Transcribe the listing exactly; drop the images.

__DATASET EXTRACT__.
+ + + + +
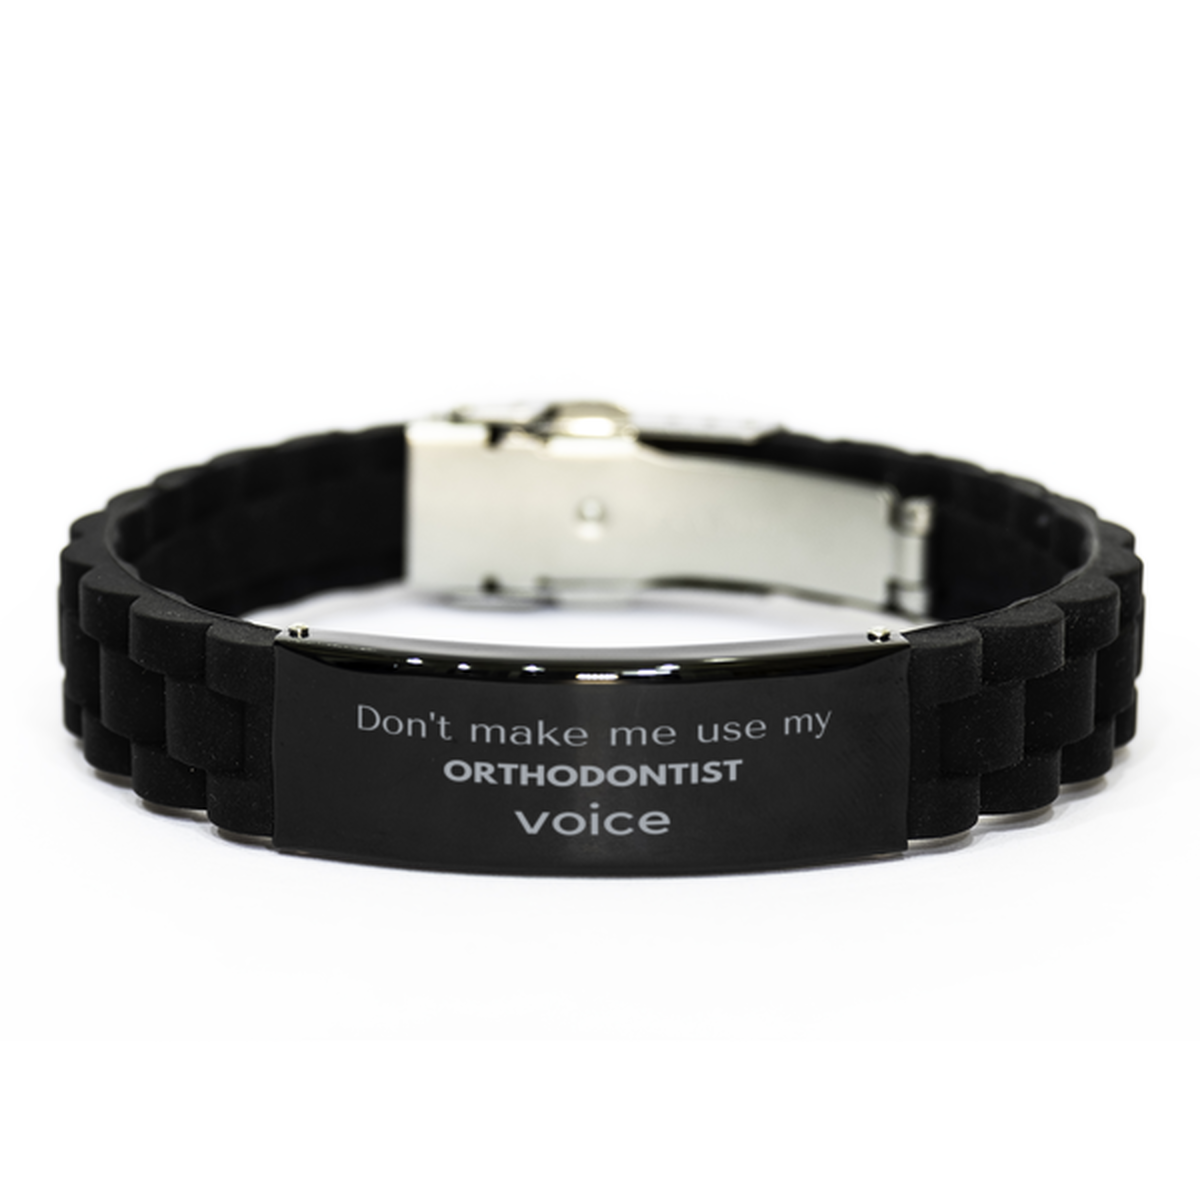 Don't make me use my Orthodontist voice, Sarcasm Orthodontist Gifts, Christmas Orthodontist Black Glidelock Clasp Bracelet Birthday Unique Gifts For Orthodontist Coworkers, Men, Women, Colleague, Friends
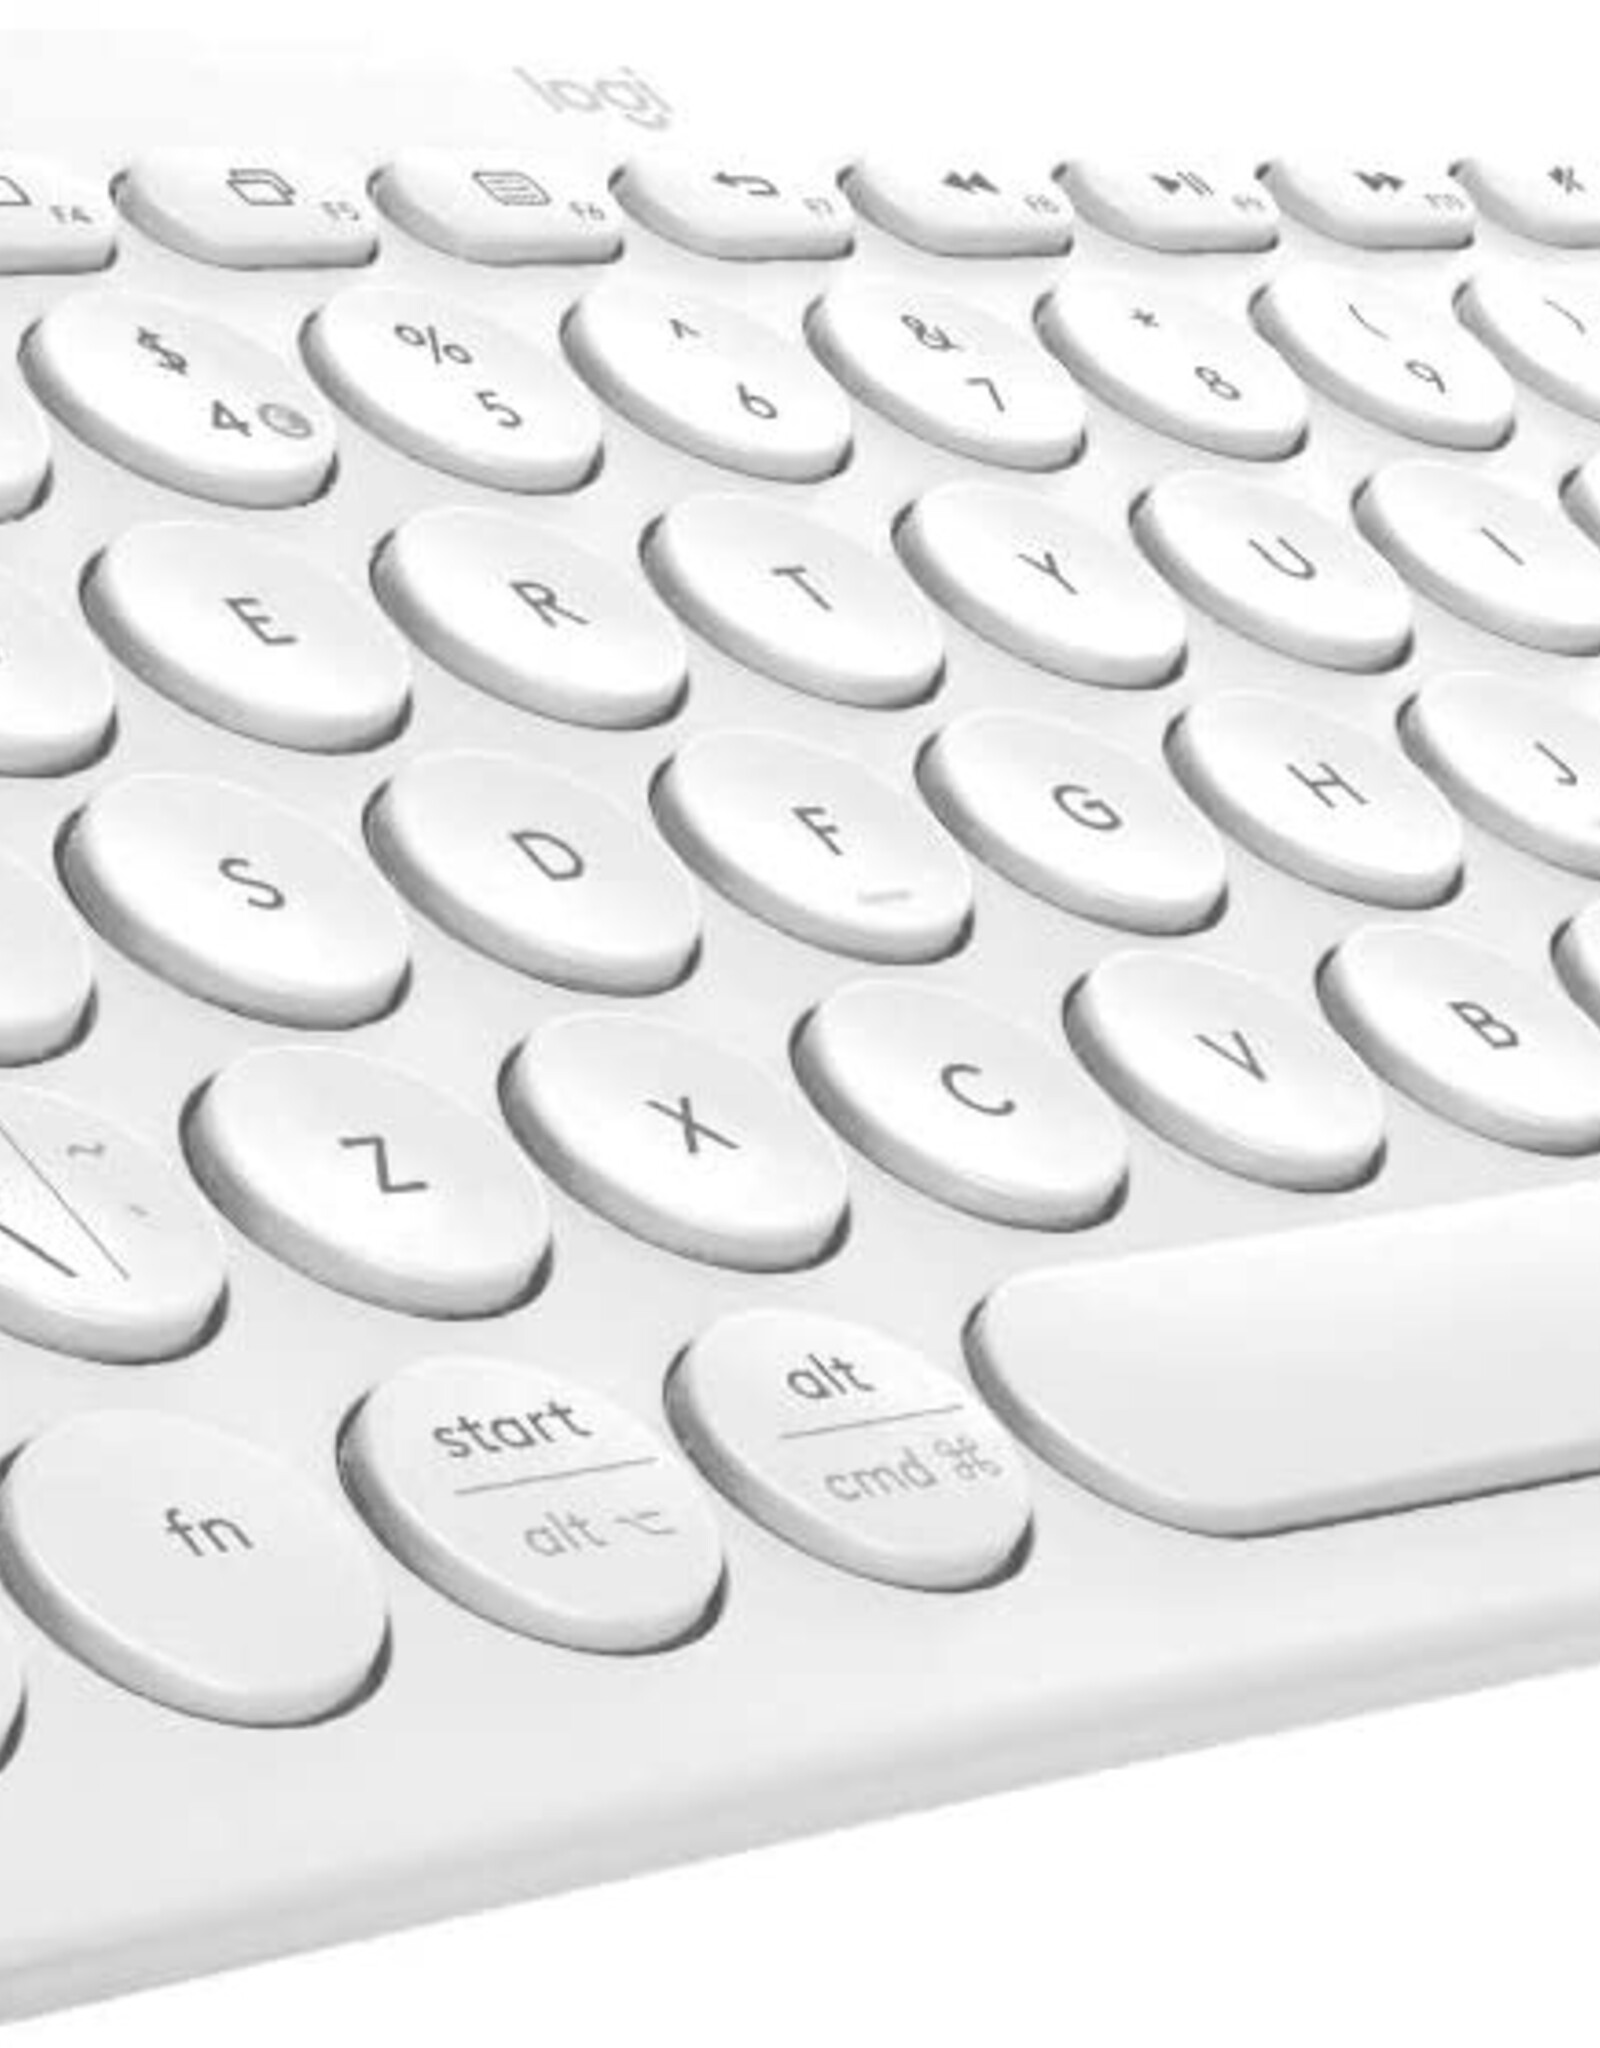 Logitech K380 Multi-Device Bluetooth Keyboard – Windows, Mac, Chrome OS, Android, iPad, iPhone, Apple TV Compatible – with Flow Cross-Computer Control and Easy-Switch up to 3 Devices
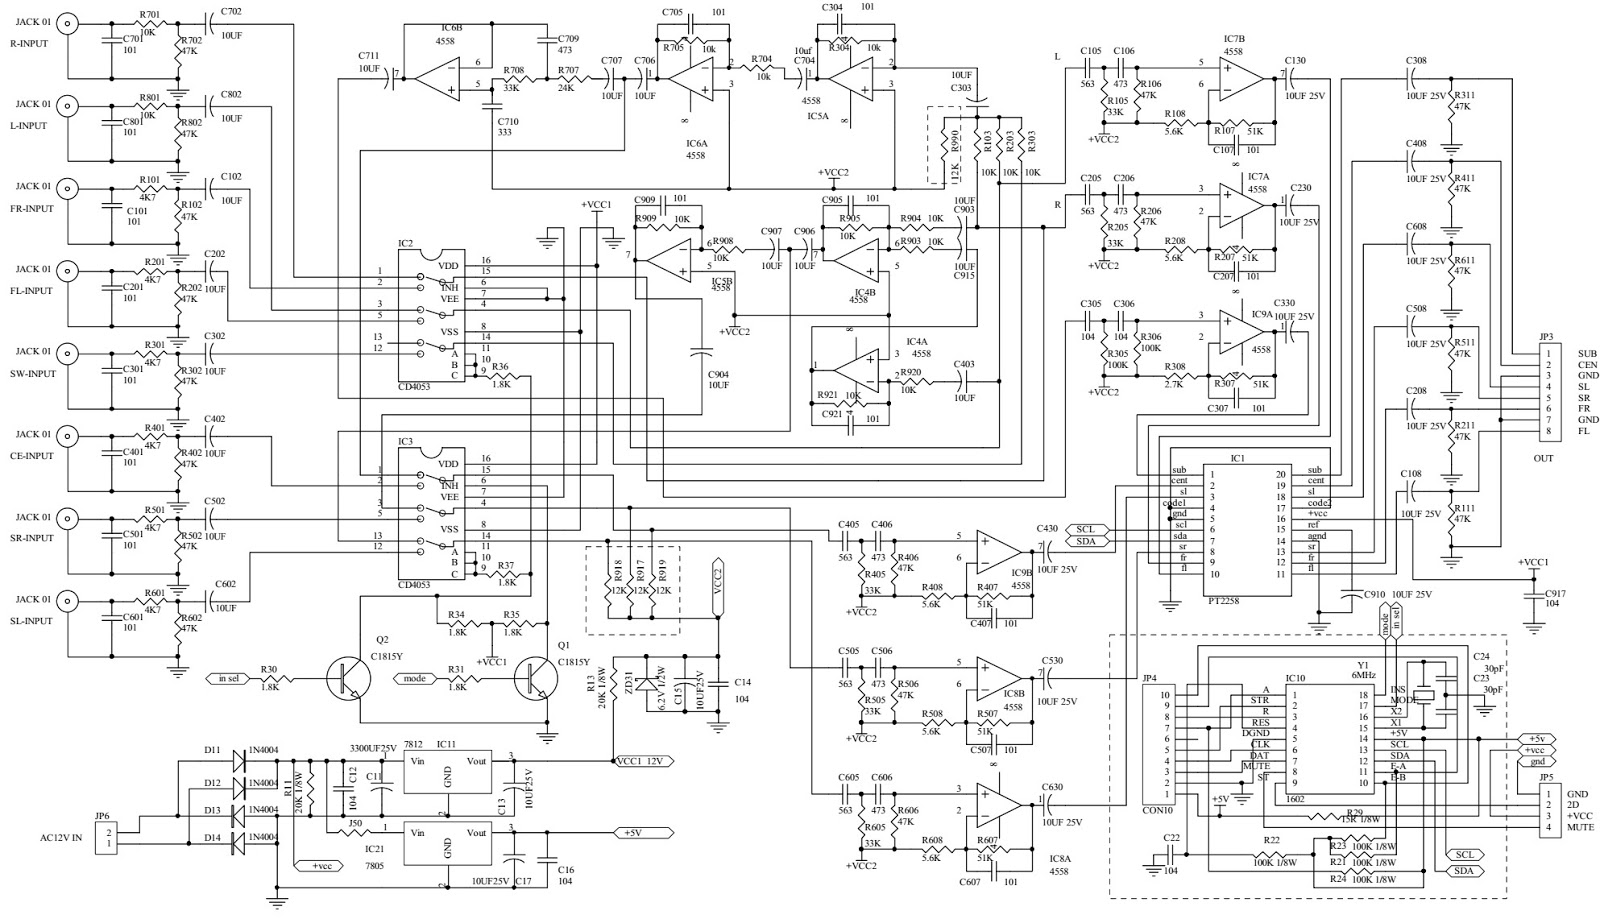 Sharp Lcd Inverter Schematic, Sharp, Free Engine Image For User Manual
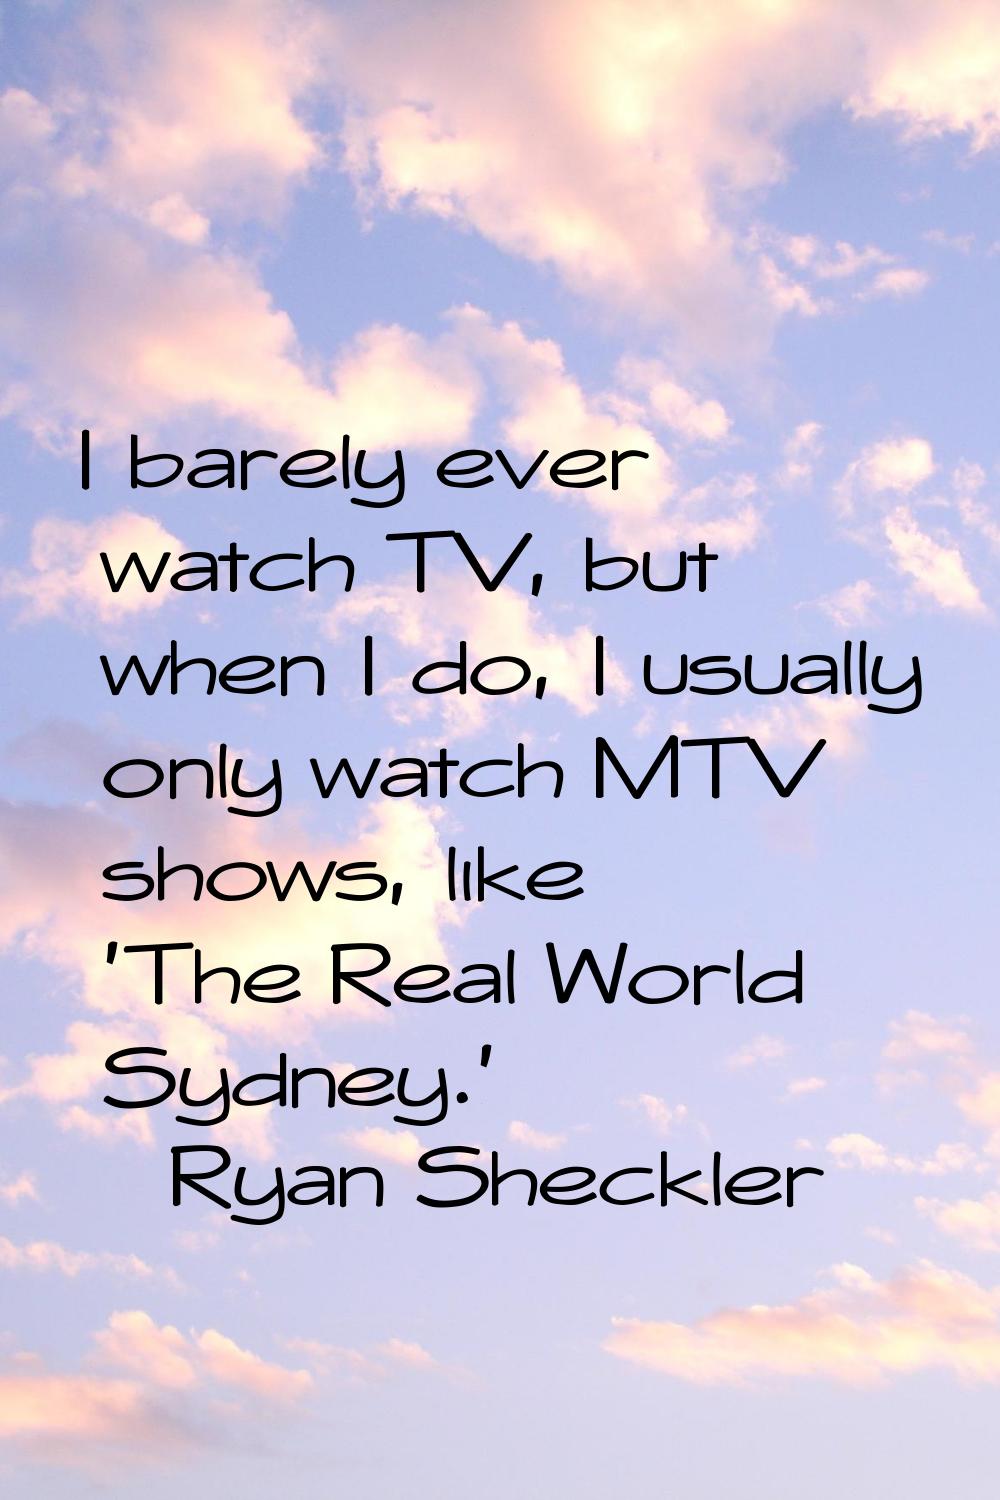 I barely ever watch TV, but when I do, I usually only watch MTV shows, like 'The Real World Sydney.
+ + + + +
__THE COMPLETED TASK__.
 Don't make me use my Orthodontist voice, Sarcasm Orthodontist Gifts, Christmas Orthodontist Black Glidelock Clasp Bracelet Birthday Unique Gifts For Orthodontist Coworkers, Men, Women, Colleague, Friends
 Logitech K380 Multi-Device Bluetooth Keyboard – Windows, Mac, Chrome OS, Android, iPad, iPhone, Apple TV Compatible – with Flow Cross-Computer Control and Easy-Switch up to 3 Devices
 Sharp Lcd Inverter Schematic, Sharp, Free Engine Image For User Manual
 I barely ever watch TV, but when I do, I usually only watch MTV shows, like 'The Real World Sydney.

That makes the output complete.